Marble Arch l’interview

Le premier LP de Marble Arch est un disque marqué par la période de l’enfance où se succèdent des chansons à mi-chemin entre pop et shoegaze. The Bloom Of Division est séduisant autant que prometteur pour la première échappée en solitaire d’un des membres du groupe rennais Maria False. Certaines mélodies traînent dans le crâne comme une vieille réverb qu’on aurait oublié d’éteindre ; dans l’impression de flou global qui domine l’album émergent quelques motifs, plusieurs mélodies entêtantes et bien senties. Marble Arch explore en onze titres les territoires de l’intime de façon à la fois singulière et convaincante, témoignage mémoriel d’une période associée à l’innocence. On a rencontré Yann Le Razavet, qui se cache derrière Marble Arch, pour parler de Peter Pan, d’Erik Satie, et de la scène shoegaze en France.

Lucas Harlé

Entretien avec Yann Le Razavet alias Marble Arch : l’enfance de l’art

Pic Marble Arch 1

Tu parles dans ta bio du « son de l’enfance » pour définir ta musique. C’est pour toi une période de référence, une période que tu regrettes ?

Je crois que ça définit bien mon univers et mon son, mais sans trop pouvoir l’expliquer. C’est quelque chose qui a à voir avec la nostalgie. J’ai fait l’album dans ma chambre d’enfant, ma chambre d’ado, et rien n’a bougé, les posters, toutes ces choses ; il y a même encore des jouets qui traînent. C’est cette sphère-là, très liée à l’enfance, qui m’a inspiré quand j’ai fait l’album, avec aussi pas mal de photos que j’ai retrouvées, tout un univers dans lequel ma musique a baigné au moment de faire le disque. Dans les sonorités de l’album, on retrouve aussi pas mal d’influences qui datent de l’adolescence, même si je n’écoutais pas non plus Sonic Youth quand j’étais petit… C’est une atmosphère, on va dire. Comme un retour vers le passé, avec des expériences, des souvenirs, des odeurs, des images. Pour moi c’est un peu le syndrome de Peter Pan, se tourner vers le passé et refuser de grandir. On retrouve un peu ça sur le disque. D’autant plus que j’ai voulu faire ce disque en famille, en quelque sorte. Une de mes sœurs a réalisé le clip d’Antiscript et l’autre l’artwork du disque. J’ai tout mixé dans ma chambre d’enfant, avec les moyens du bord, et Bernard de Maria False, qui est aussi un ami d’enfance, s’est occupé du mastering.
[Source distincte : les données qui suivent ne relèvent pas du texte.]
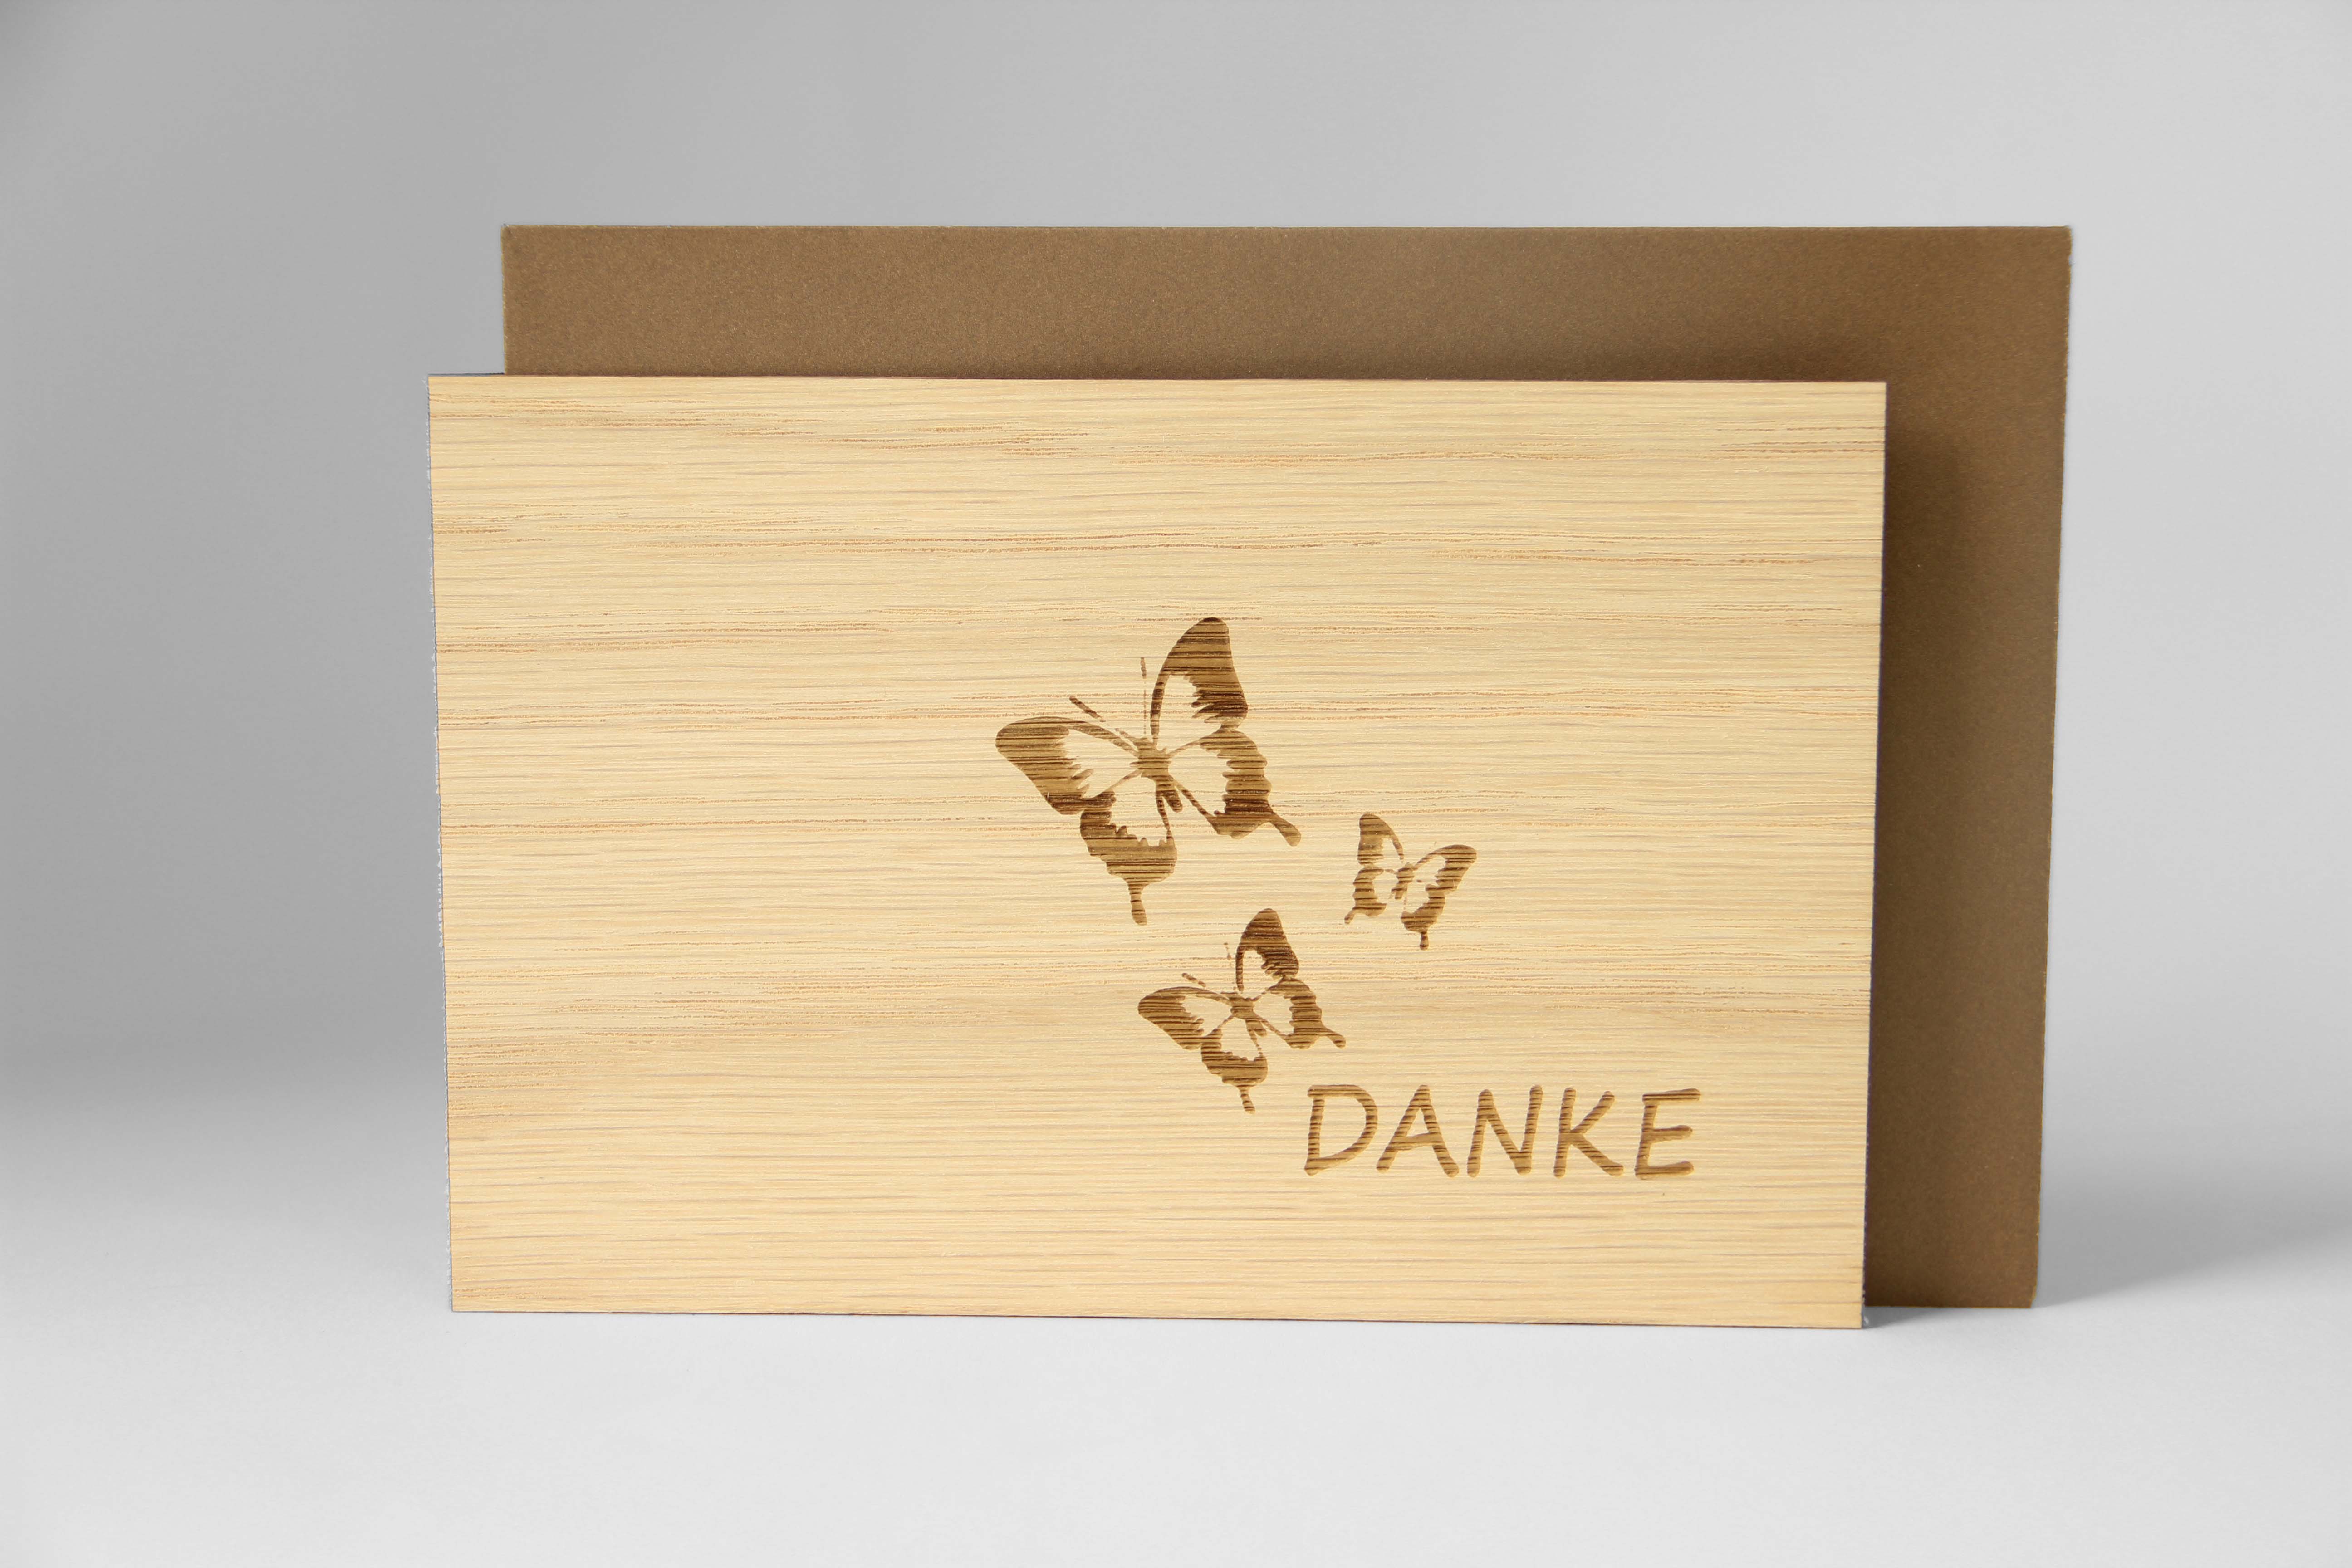 Holzgrusskarten - Dankeskarte "Danke" aus Eiche, Schmetterling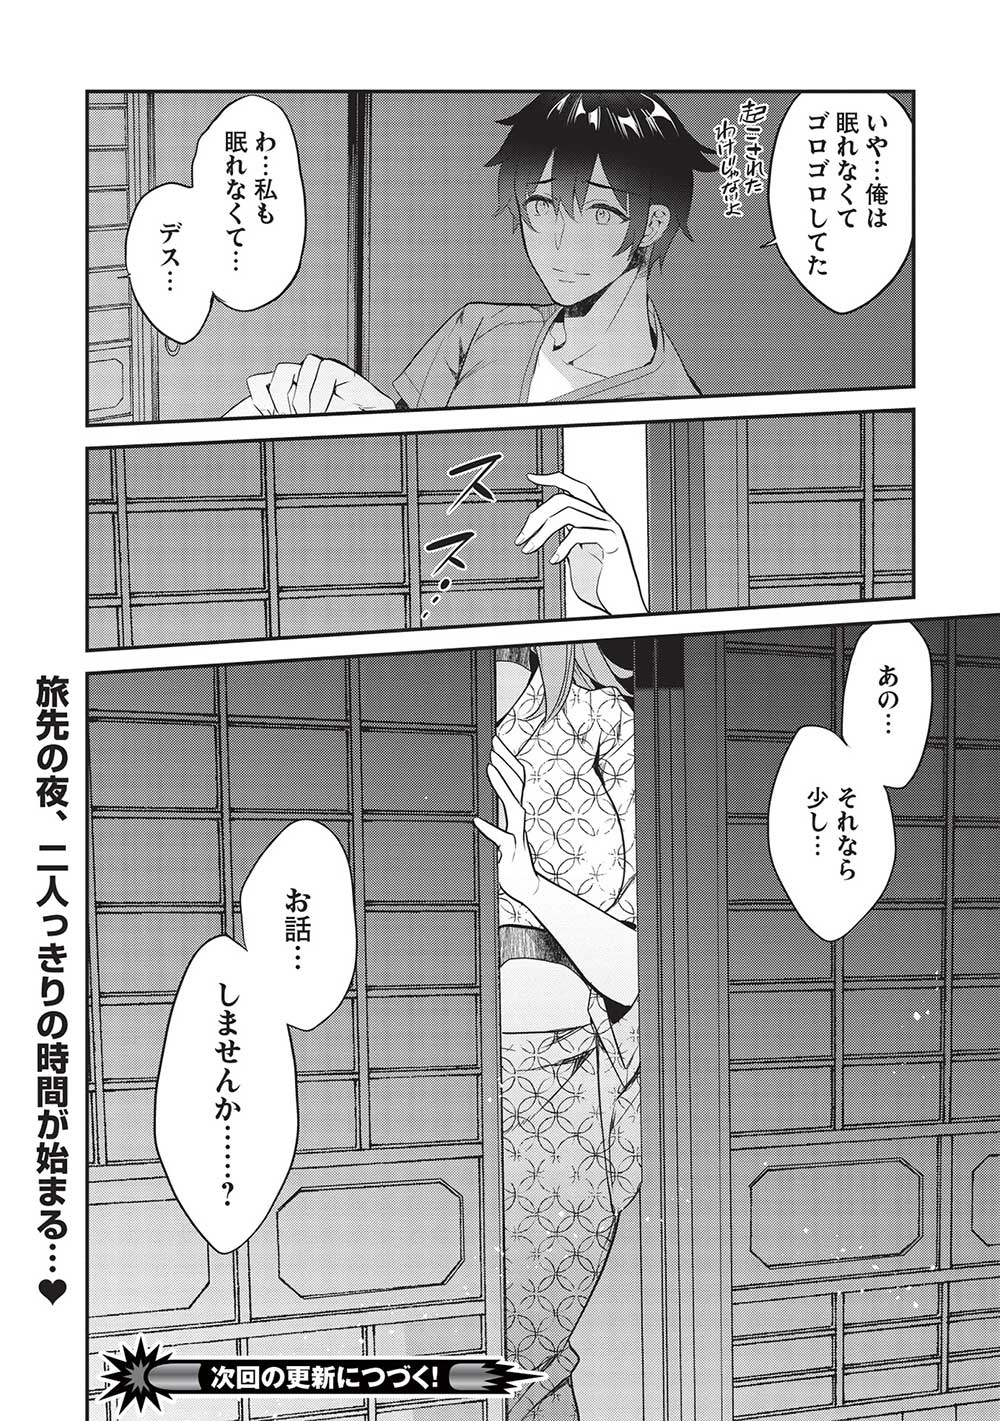 Kamiyama-san No Kami Bukuro No Naka Ni Wa - Chapter 16 - Page 24

Avec Maria False justement, vous êtes associés à la scène rennaise, mais en faites vous venez tous d’une petite ville qui s’appelle Lannion. Tu peux nous parler de cet endroit où tu as grandi ?

C’est une petite ville des Côtes d’Armor, plus proche de Brest et du Finistère que de Rennes. On s’est tous retrouvés là à un moment avec les gars de Maria False, Matthieu, Yann, Bernard et moi. Le groupe part de là. On est tous nés là-bas et on y est restés jusqu’au lycée. On est partis au moment des études, et aussi au moment de trouver des scènes puisque c’est là que ça bouge et pas à Lannion… Lannion, c’est mort. Je vais pas dire qu’il se passe rien mais presque. C’est une ville résidentielle pour familles et enfants. C’est pas très loin de la mer mais y’a pas grand chose à faire, pas d’événement culturel.

Le fait d’habiter une petite ville un peu triste, ou pas animée, ça rend la musique plus importante au quotidien ?

Oui, c’est sûr. Dans mon groupe de potes, la plupart jouaient au foot. Quand ça ne te plaît pas, il faut trouver autre chose ! Moi j’ai vraiment été bercé par la musique. Ma mère faisait de la musique, son père faisait de la musique, et ils nous ont transmis ça. A Lannion, quand tu t’ennuies, tu fais de la musique. Y’a pas grand chose à faire mais au moins y’a ça. Y a pas de « scène » à proprement parler, mais des petits groupes qui jouent. Nous on s’enfermait dans notre garage pour faire de la musique, et on le fait toujours d’ailleurs.

Du coup tu as commencé la musique assez jeune ?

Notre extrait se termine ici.